If that never happened, then Doctor Nimzicki never died at the Goa’uld’s hand, and there was never a job opening for her to step in to. Wherever that universe’s Janet Fraser was, she’d never had to go through the battery of background checks that she had, had never gone for all the interviews, had never made an impassioned plea to General Hammond that she was the best person for the job, not in spite of her relationship with Charlie, but because of it, because no other doctor would work as hard, as long, as she would. To no-one else would it mean as much. Too late she’d wondered if such an outburst would count against her with someone as seemingly curmudgeonly as General Hammond, but not so. They’d never spoken of the relationship, save her first day on the base, where she’d asked him not to mention it to anyone, and if she’d seen him looking at her earlier with a little more concern than was usual for him, she was doing her best to ignore it.

 

Doctoring good. Sympathy bad.

 

That in mind, she makes a few notations on her chart, or at least, appears to. In reality, she knows that they are scratches that she can’t read now, never mind later on, and she knows she’s going to have to redo this chart to make it legible. Still, the pretence of doctoring is nearly as good as the real thing, and she’s bright-eyed, and more importantly, dry-eyed, when she looks back to Kawalsky.

 

“Well, we’re all done here Major… we should find General Hammond and let him know.”

 

He stands, somehow ending up so close to her that she can smell his cologne. It’s Charlie’s cologne, and she finds herself just the tiniest bit weak in the knees. “After you,” he says, and there’s that look in his eyes, the one that she’s been missing for two long years.

 

There are differences though.

 

Her Charlie, on the rare occasions she had to bandage him up – nothing to do with Air Force business mind, and everything to do with some DIY disaster at his place or hers, that he’d either initiated or was trying to clean up – her Charlie would grumble and groan, but he’d do it teasingly, with a smile on his face, eyes sparkling with devilment.  And somehow, even though she knew she should have been gazing reprovingly at him, started off doing so in fact, she’d end up laughing too, finally allowing him to pull her into his arms.

 

She’d found this Charlie looking at her from across the room, but this Charlie looked at her with wary suspicion, and she could hear his thoughts as clearly as if he’d spoken them. “I’m outta here if you hurt me.” She used to catch her Charlie looking at her too, but his would be an expression of deep thought, often with a little smile playing at his lips. And she would know what he was thinking, visual images leaping into her mind as if by telepathy, and then she’d be looking at him and smiling too, more often than not asking, “What?” He’d never reply in words though; instead his smile would widen, slowly, salaciously, unmistakable intent behind it, enough to make her blush.

 

This Charlie didn’t react to her the way that the other Charlie did. This Charlie stayed still as a statue, and when he did move, it was in a purely perfunctory fashion, designed to get the examination over with as soon as possible.
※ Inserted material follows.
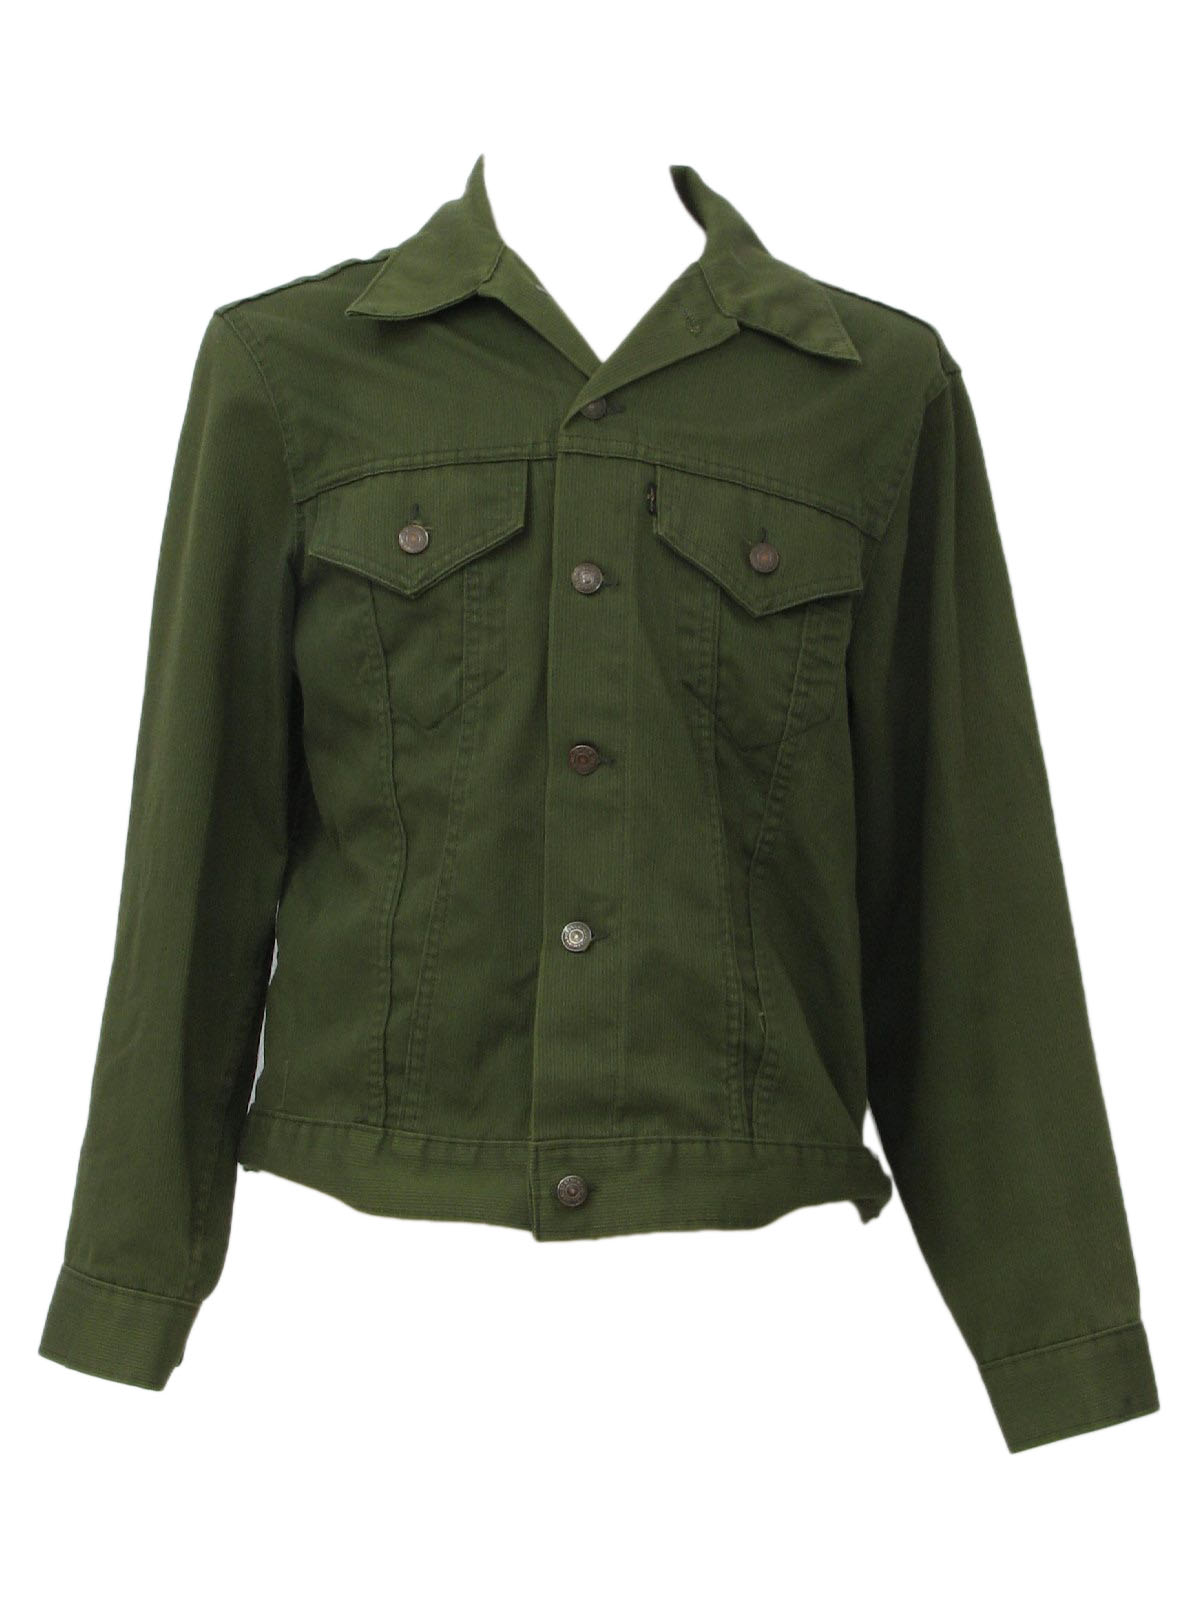 1970s Levis Mens Denim Style Corduroy Jacket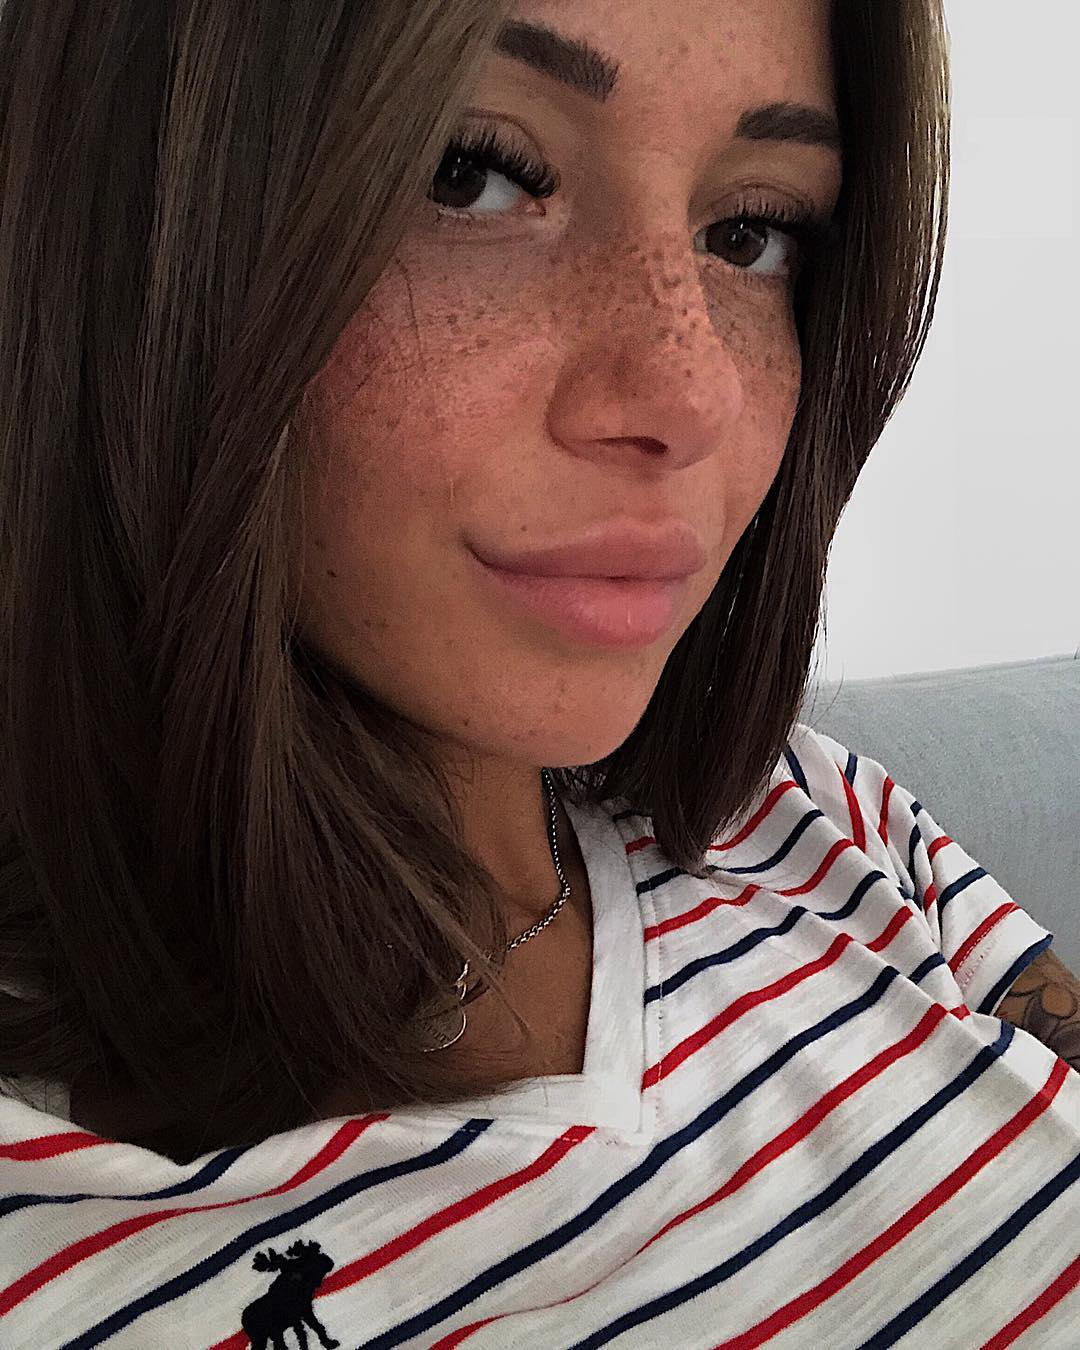 Francesca-Lannuario-Melillo-Wallpapers-Insta-Fit-Bio-4

This Charlie tolerated her presence, her proximity to him, but barely. That would have been unheard of for her Charlie, who, much to her once-upon-a-time irritation, couldn’t pass by her without touching her, be it a light touch to her hip, her shoulder, or sometimes, a tug of her hair. Occasionally it annoyed it, occasionally she found it endearing. Now, she just misses it, just like she misses him.

 

Just as she thinks that, she comes to another realisation, something that has her very nearly coming to a halt, right in the middle of an SGC corridor.

 

More than likely, this Major Kawalsky and Doctor Carter will be allowed to stay in this reality. They can’t send them back, not to a universe overrun with Goa’uld.

 

Which means that, like Teal’c, they’ll undoubtedly be serving in the SGC in some capacity.

 

Which means that she’ll be seeing him every day.

 

Irony makes her stomach twist, because how many times has she wished Charlie back, wished that she could see him, talk to him, touch him?

 

Not like this though. Never like this.

 

Because this isn’t her Charlie. And close as he is, it’s not close enough.